New PET imaging clinical trial to improve early esophageal, lung cancer detection

Can a simple imaging test help predict the success of cancer treatment, even before the treatment is complete? To begin to answer this question, a new National Cancer Institute-funded clinical trial is using a novel PET (positron emission tomography) imaging technique that could improve the early detection of tumor growth during treatment for esophageal and lung cancer.

Led by Dr. Clifford Chao at NewYork-Presbyterian Hospital, Columbia University Medical Center and Weill Cornell Medical College, the ongoing pilot employs PET scans with a radioactive tracer molecule called FLT (fluoro-L-thymidine), or FLT-PET. The study, one of the first in the United States to use this technique for esophageal and lung cancer, represents a continuation of more than 10 years of research by Dr. Chao and others and builds on evidence that FLT-PET may be more effective than the traditional method using FDG (fluorodeoxyglucose), or FDG-PET.

"Every cancer is slightly different, and response to chemotherapy and radiotherapy is not always predicable. Our goal is to develop a quicker and more effective way to see how a treatment is working while the patient is undergoing the therapy," says Dr. Chao, radiation oncologist-in-chief at NewYork-Presbyterian Hospital, chairman of the Department of Radiation Oncology at Columbia University College of Physicians and Surgeons and chief of the Division of Radiation Oncology at Weill Cornell Medical College. "Today, we have to wait six to eight weeks. Our hope is that FLT-PET will shorten this time significantly."

If shown successful, Dr. Chao says, FLT-PET could "allow us to better tailor treatment to meet the specific needs of individual patients, limiting their exposure to chemo and radiation, and more quickly make any necessary adjustments to their treatment plan."

The approach is designed to visualize big changes in tumor growth. This works for cancers like esophageal and lung cancer that are treated with radiation and chemotherapy prior to surgery, Dr. Chao explains. It is not intended for breast cancer or other cancers in which surgery is the first course of action, followed by radiation to the surgical margins and chemotherapy to kill any miniscule amounts of cancer remaining.

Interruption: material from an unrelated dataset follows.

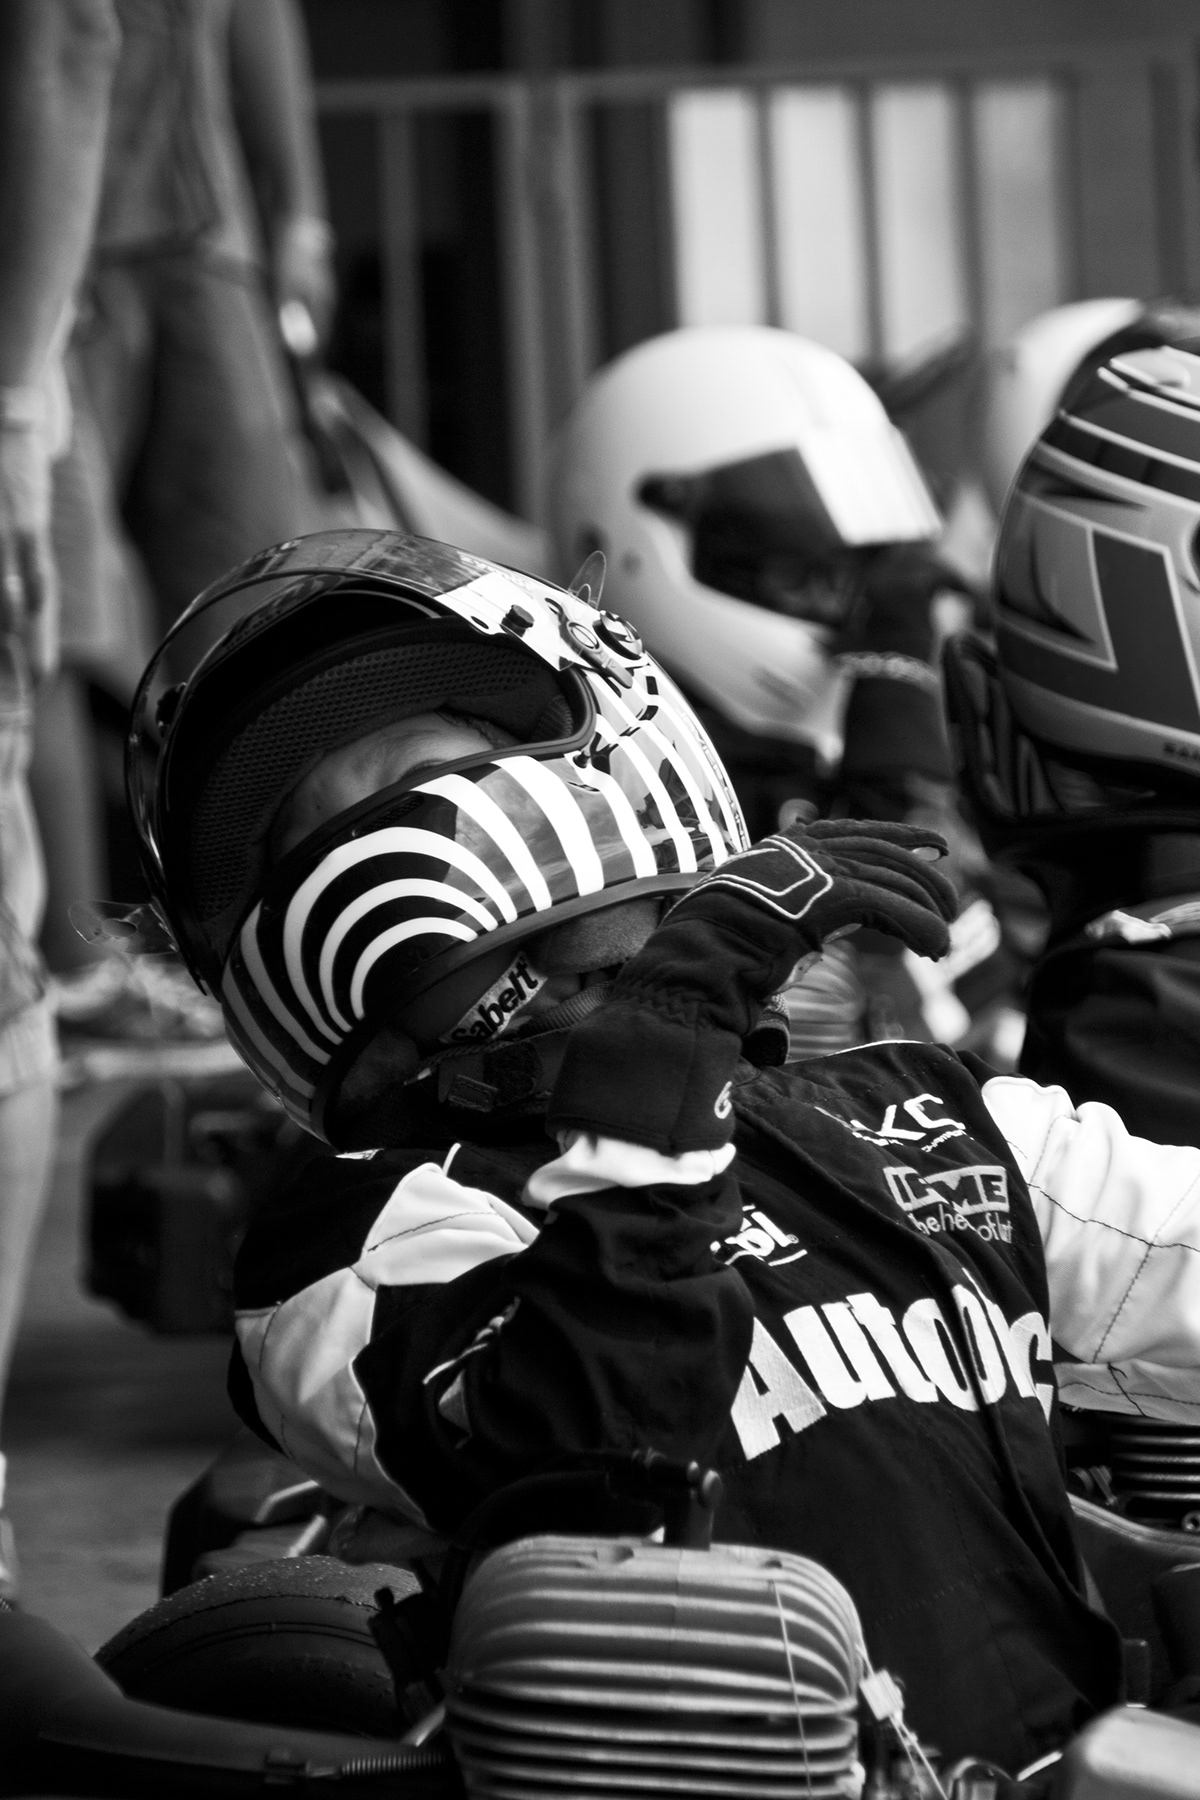 black and white race kart Racing

The new study is recruiting 100 patients with esophageal or lung cancer. They will receive FLT-PET prior to radiation and chemotherapy, then again three weeks later, along with several other routine diagnostic procedures. With FLT-PET, the patient is injected with the FLT tracer and then given a PET scan. The PET machine creates a three-dimensional image of the tumor area based on the distribution of the tracer. Investigators will compare and evaluate the FLT-PET results to standard pathological assessment based on surgical specimens.

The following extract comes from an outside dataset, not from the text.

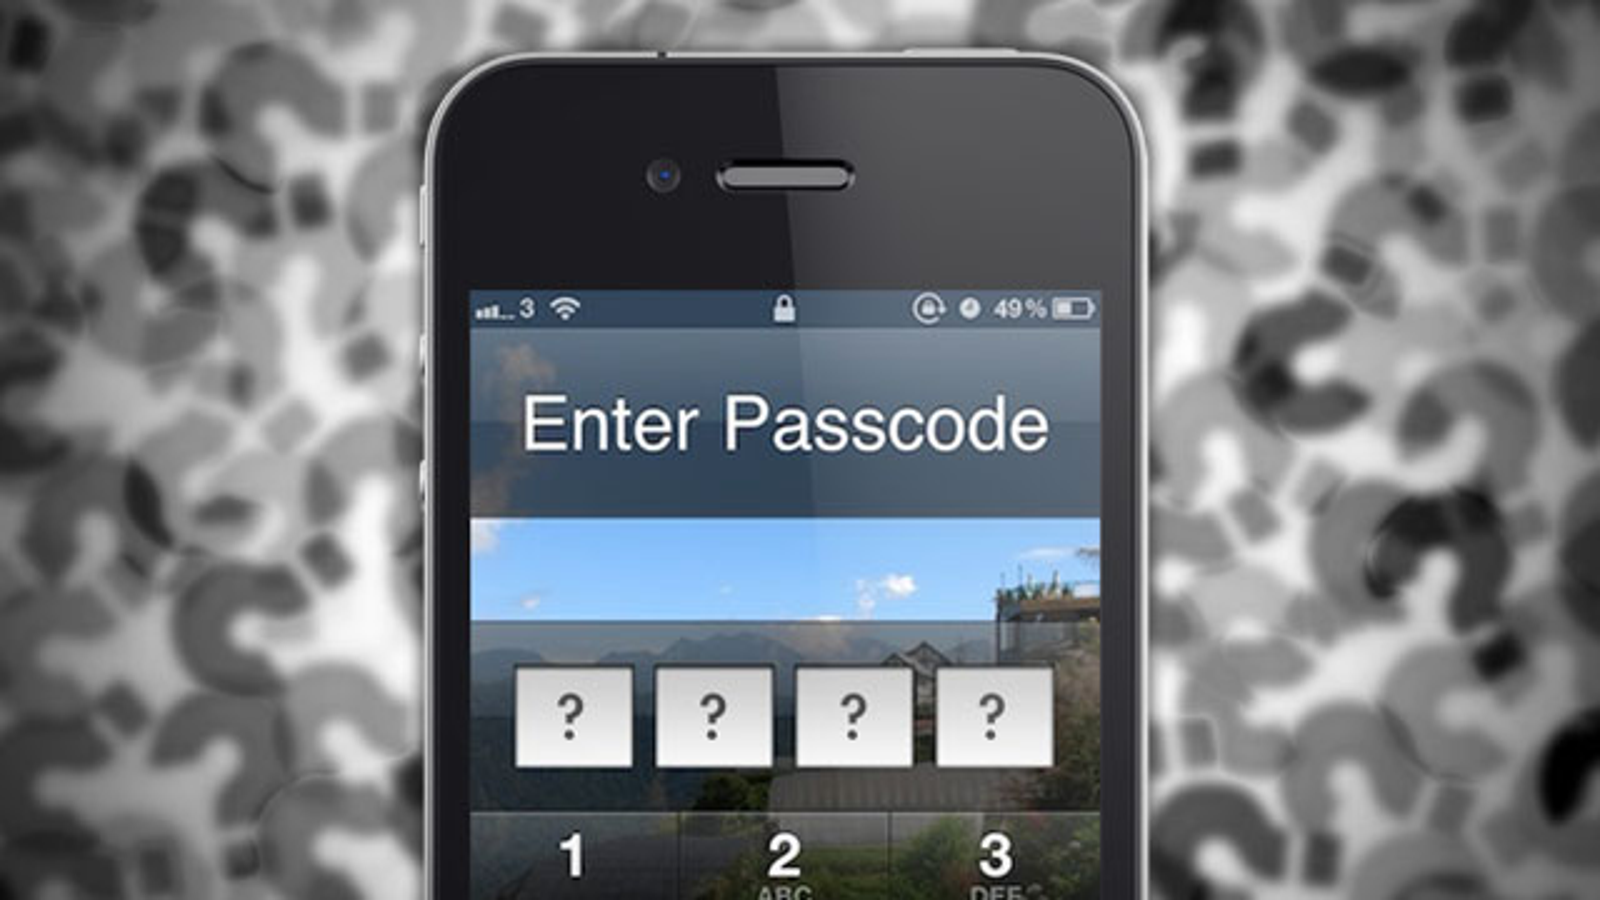 iphone passcode reset tool

Investigators will determine whether the experimental method is more effective than the standard PET technique. The traditional FDG tracer is an analog for sugar and shows how sugar is metabolized in the patient's body. By contrast, FLT is an analog for an organic compound called pyrimidine, which is the building block of DNA synthesis. Dr. Chao explains that the latter approach is much more sensitive and better able pick up on cancer cell activity. He cites early non-clinical studies showing that FLT is able to detect significant changes in tumor proliferation as soon as one day after treatment.